▶ Exercise data
◆ ◆ ◆ ◆ ◆

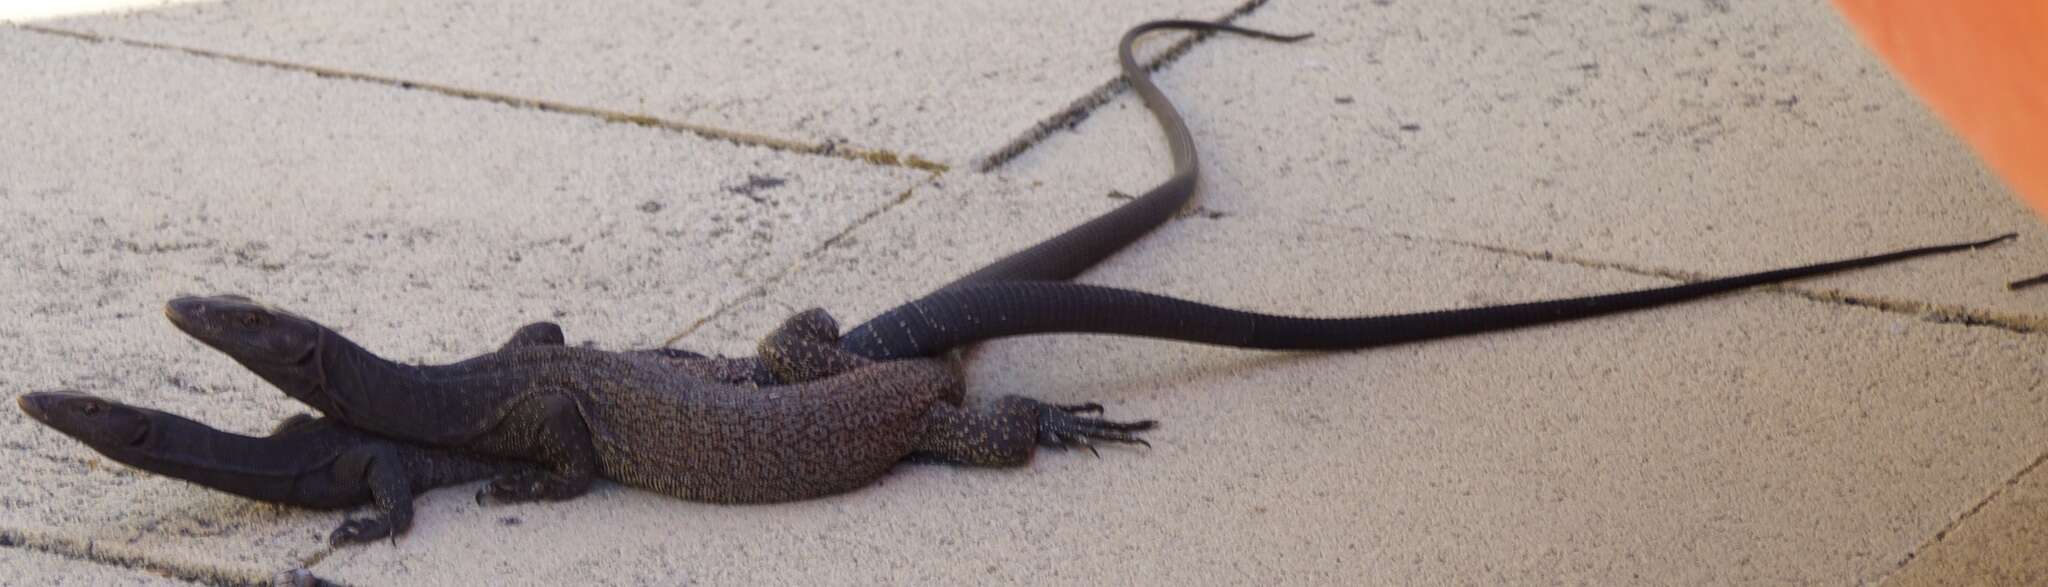 Image of (E) Freckled Monitor
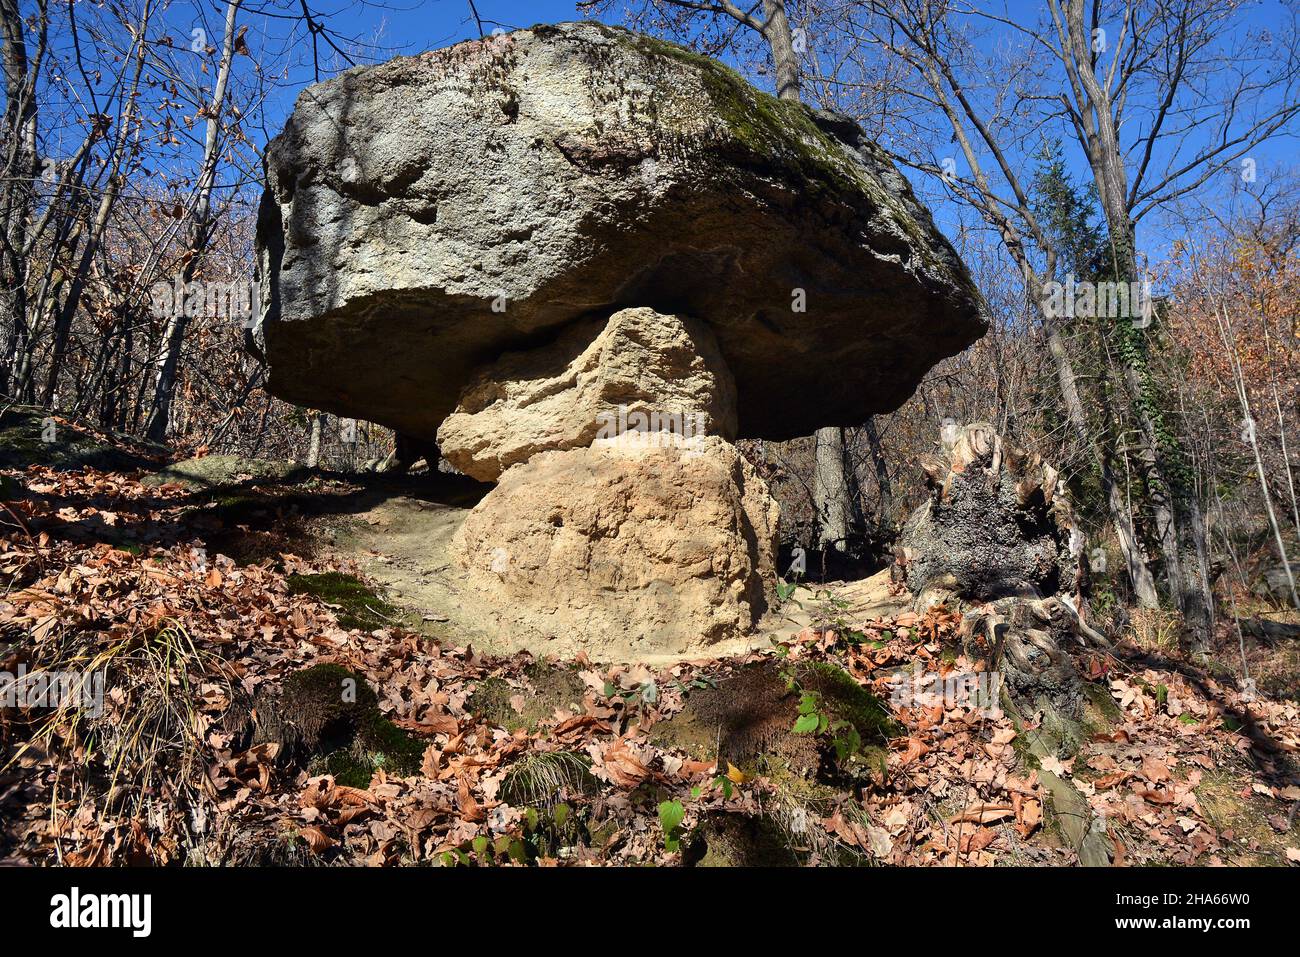 Villar San Costanzo, Piedmont, Italy - The Ciciu di Villar nature reserve where there are geological formations in the shape of mushrooms, due to wate Stock Photo
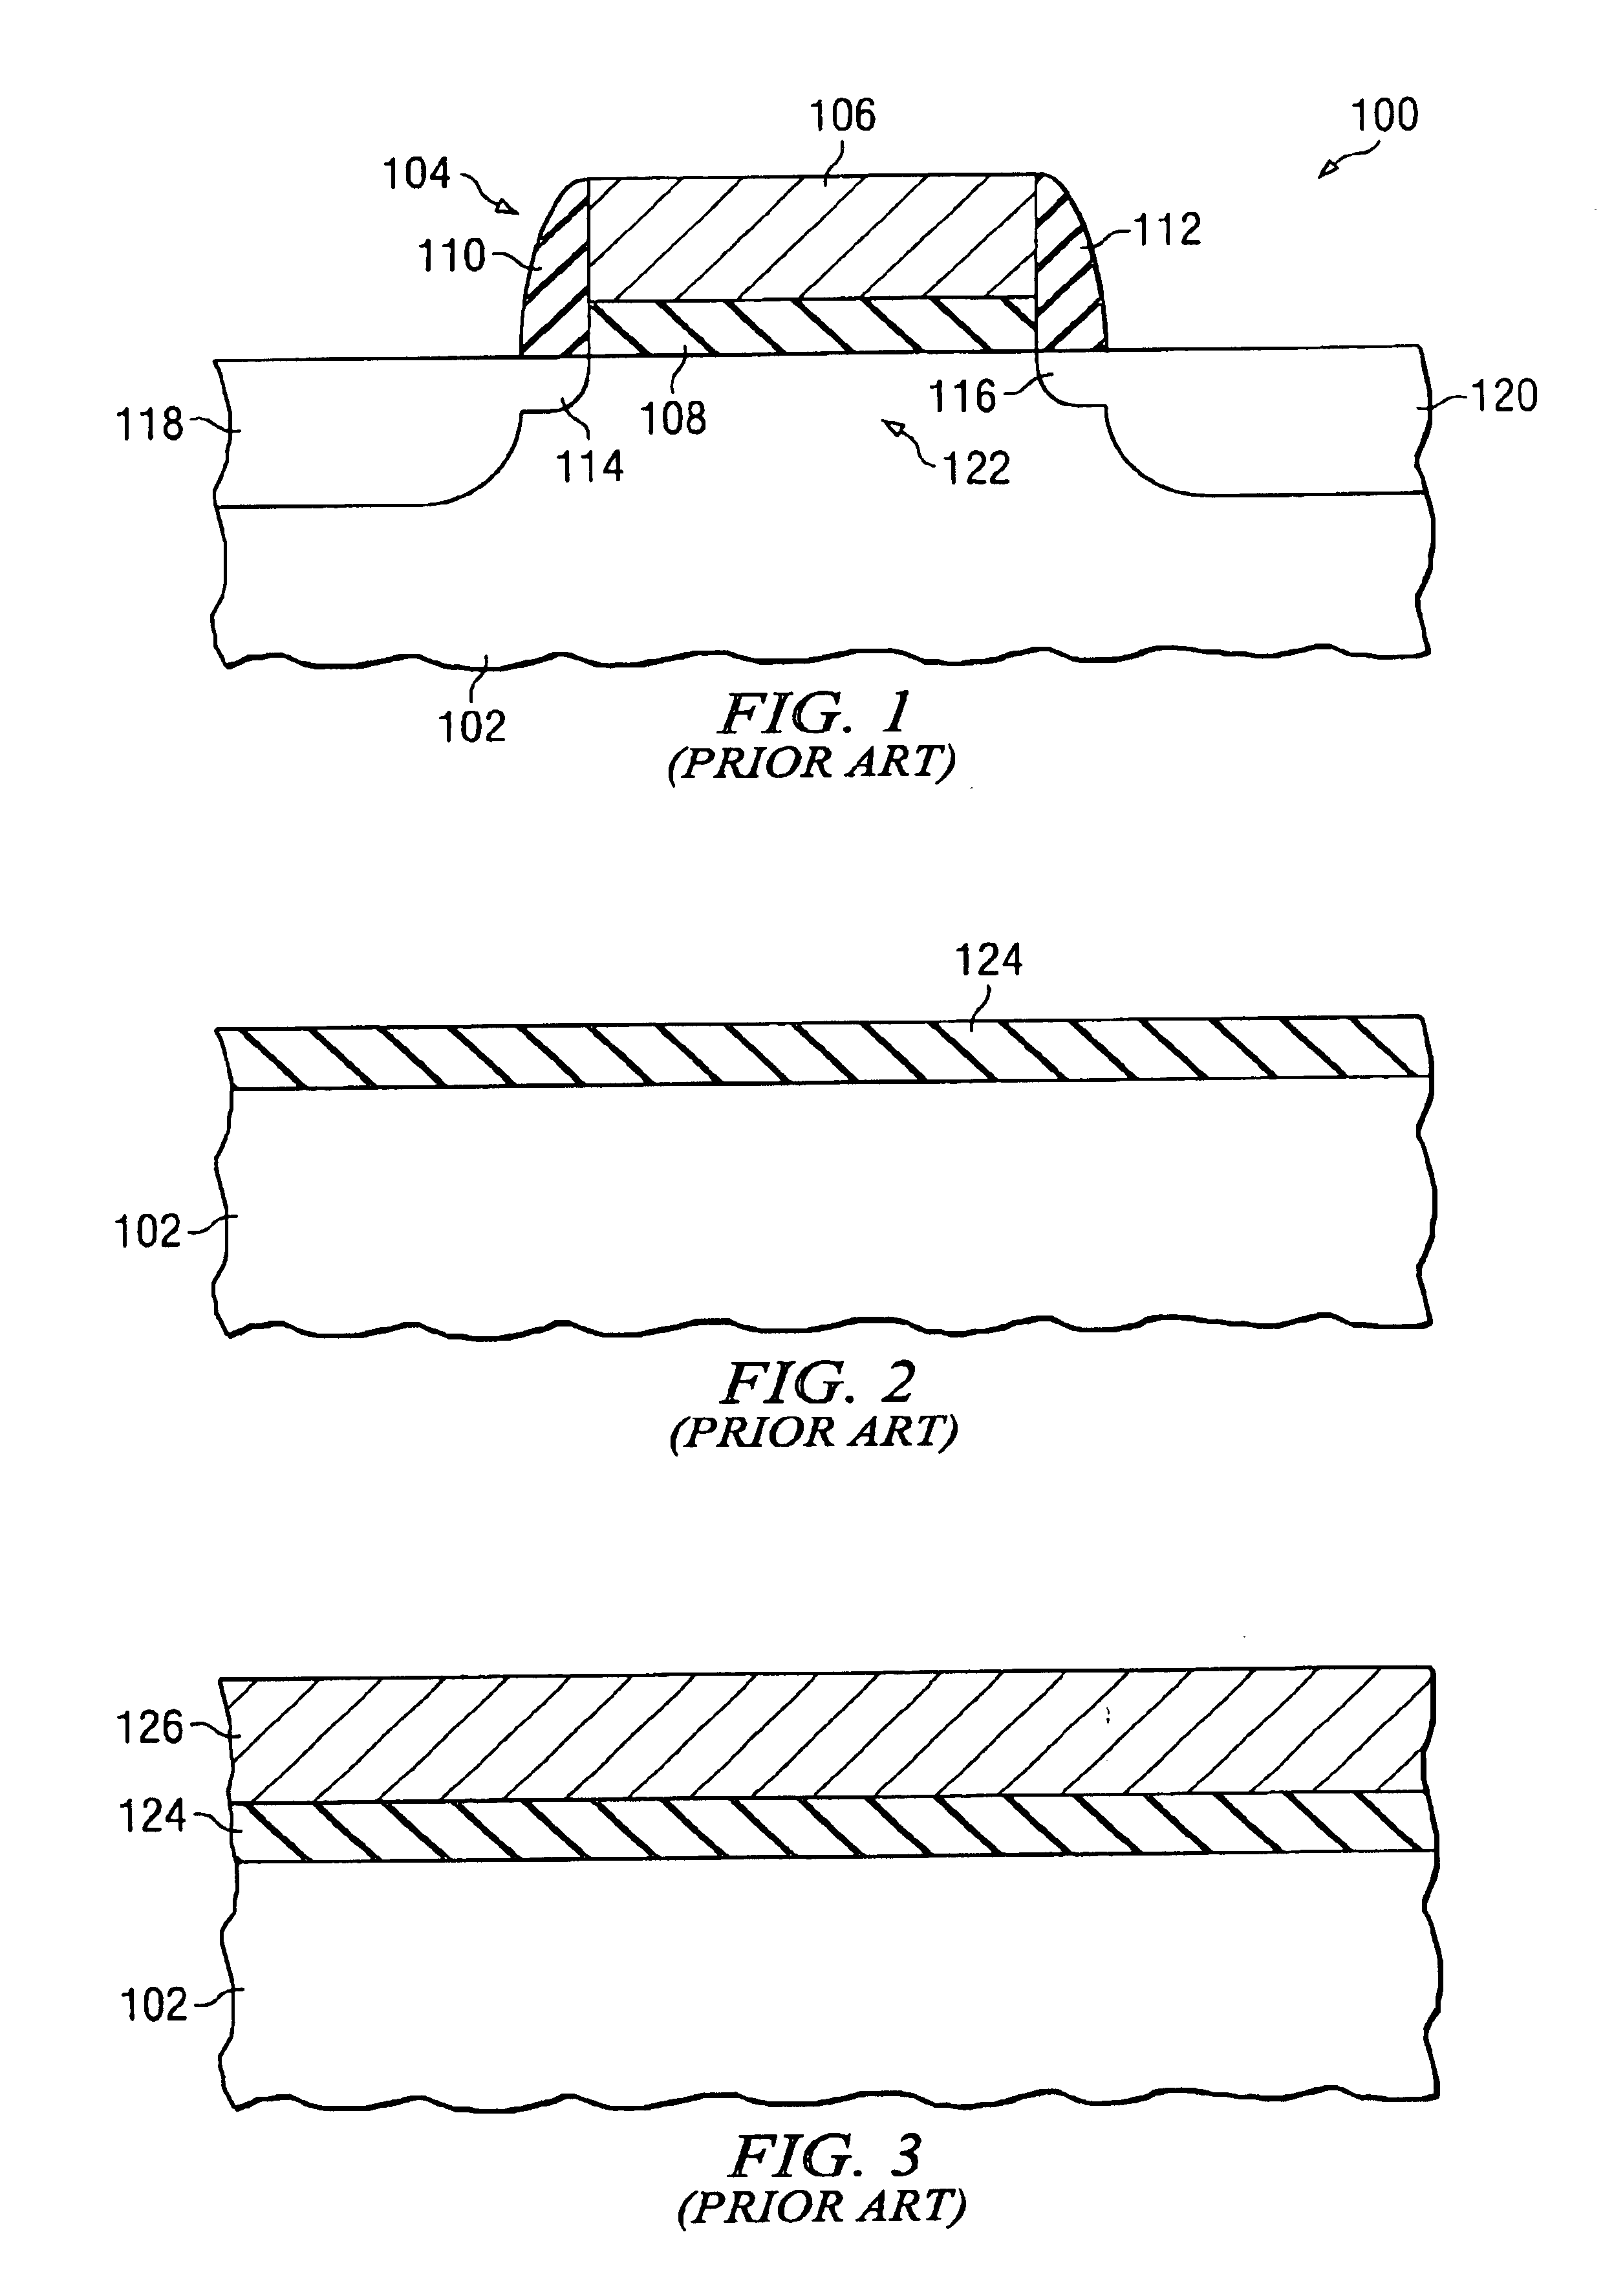 Process method of source drain spacer engineering to improve transistor capacitance
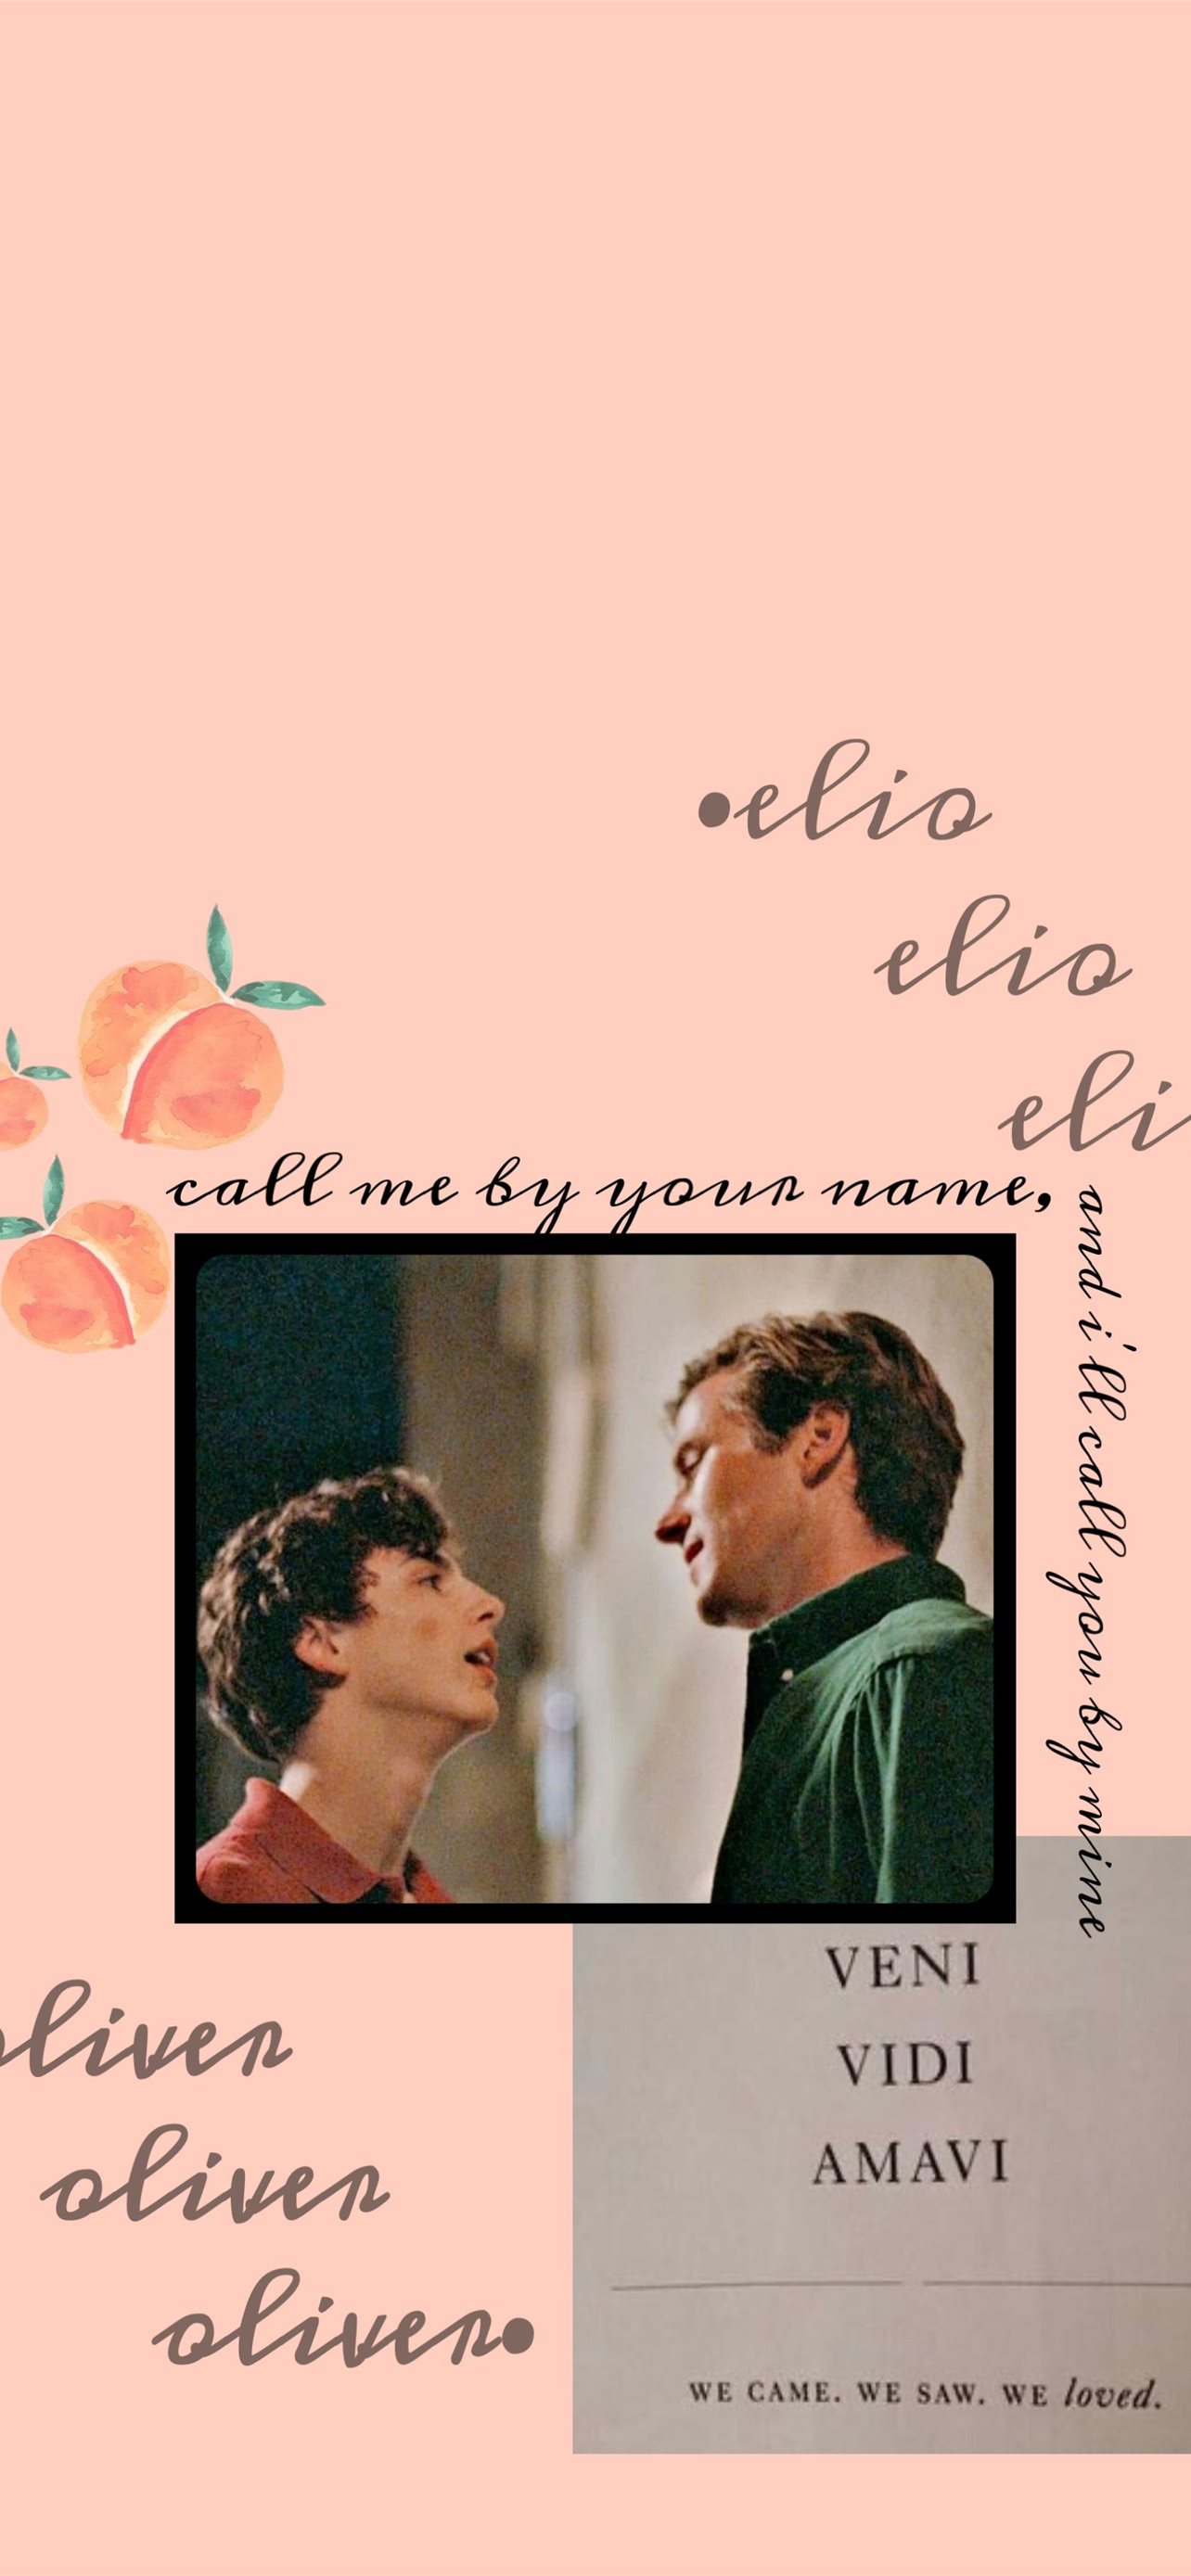 call me by your name iPhone Wallpapers Free Download

◆ ◆ ◆ ◆ ◆

Your reply should consist solely of the lines from the one containing "Villar San Costanzo, Piedmont, Italy" through the last line of the material, reproduced exactly and without pictures.

 Villar San Costanzo, Piedmont, Italy - The Ciciu di Villar nature reserve where there are geological formations in the shape of mushrooms, due to wate Stock Photo
 Process method of source drain spacer engineering to improve transistor capacitance
 call me by your name iPhone Wallpapers Free Download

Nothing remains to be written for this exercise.